Allereerst beperkt hij zich in feite tot
dichters bij wie hij spontaan aansluiting kan vinden. Herman de Coninck wordt
vermeld als een voorbeeld van veelstemmigheid en openheid, maar net als zijn
idool blijft ook Gruwez deels beperkt door
zijn eigen poëzieovertuiging. Al te experimentele en cerebrale lyriek blijft
grotendeels buiten beschouwing, en als die besproken wordt valt op hoe de
recensent dat bevreemdende toch tracht te naturaliseren. Dat is uiteraard op
zich geen probleem, want het maakt de auteur Gruwez menselijker en boeiend. Het
betekent wel dat de lezer van dit boek niet kan stellen dat hij of zij achteraf
op de hoogte is van alles wat aan boeiende poëzie is verschenen de jongste
twintig jaar. Die persoonlijke toets wordt nog versterkt doordat Gruwez zijn
recensies af en toe vergezeld laat gaan van brieven, aan de betreffende dichters
of aan collega’s die zijn beschouwingen kritisch bejegenen. Ook in die brieven
komt een erg begrijpende en inlevende auteur naar voren.
De
slotafdeling van dit rijke boek stelt echter enigszins teleur. De afdeling
‘Voorbij, voorgoed’ bundelt een aantal gedichten (deels uit de
Watou-manifestatie uit 2008), voorzien van korte analytische commentaren. In
veel gevallen gaat het echter om een parafraserende toelichting, die in feite
nauwelijks laat zien waarom dit nu belangrijke ‘gedichten’ zijn. Tegelijk
eindigt dit boek daardoor zoals het begonnen is, met een subjectieve kijk op
poëzie, op de leefbaarheid van het genre, op de noodzaak om moeizaam het juiste
woord te blijven zoeken, tegen alle vlotte communicatie en managertaal in.

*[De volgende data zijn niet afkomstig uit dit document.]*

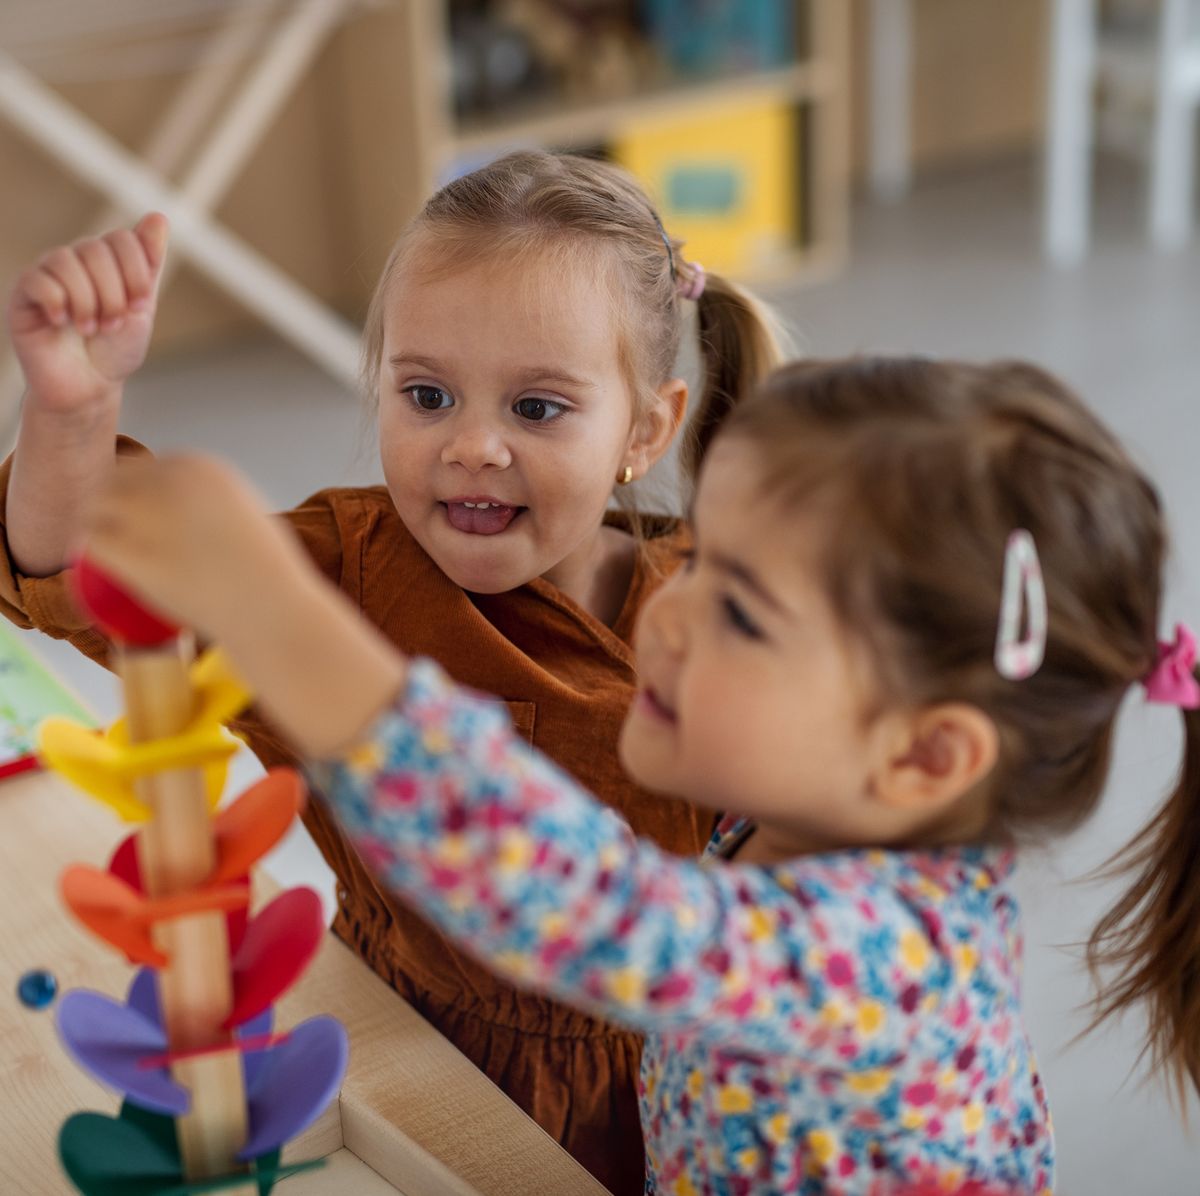 Método Montessori: qué es y beneficios para los niños

Ik wil de hemel en ik wil de straat zal bijgevolg allereerst lezers van Gruwez boeien. Het geeft een
gevarieerd en deels nieuw beeld van wat wij al kennen over de auteur. Zijn
eigen, soms relativerend-ironische en dan weer melancholische stijl vormt daarbij
onmiskenbaar een meerwaarde. Tegelijk vind ik de selectie toch te ruim,
waardoor ook minder belangrijke teksten hier een plaats hebben gevonden. Maar
ja, wie eindeloos verzamelt, bekommert zich minder om
wat moet ‘blijven’ als om wat ‘is’. Dat geldt ook voor dit boek.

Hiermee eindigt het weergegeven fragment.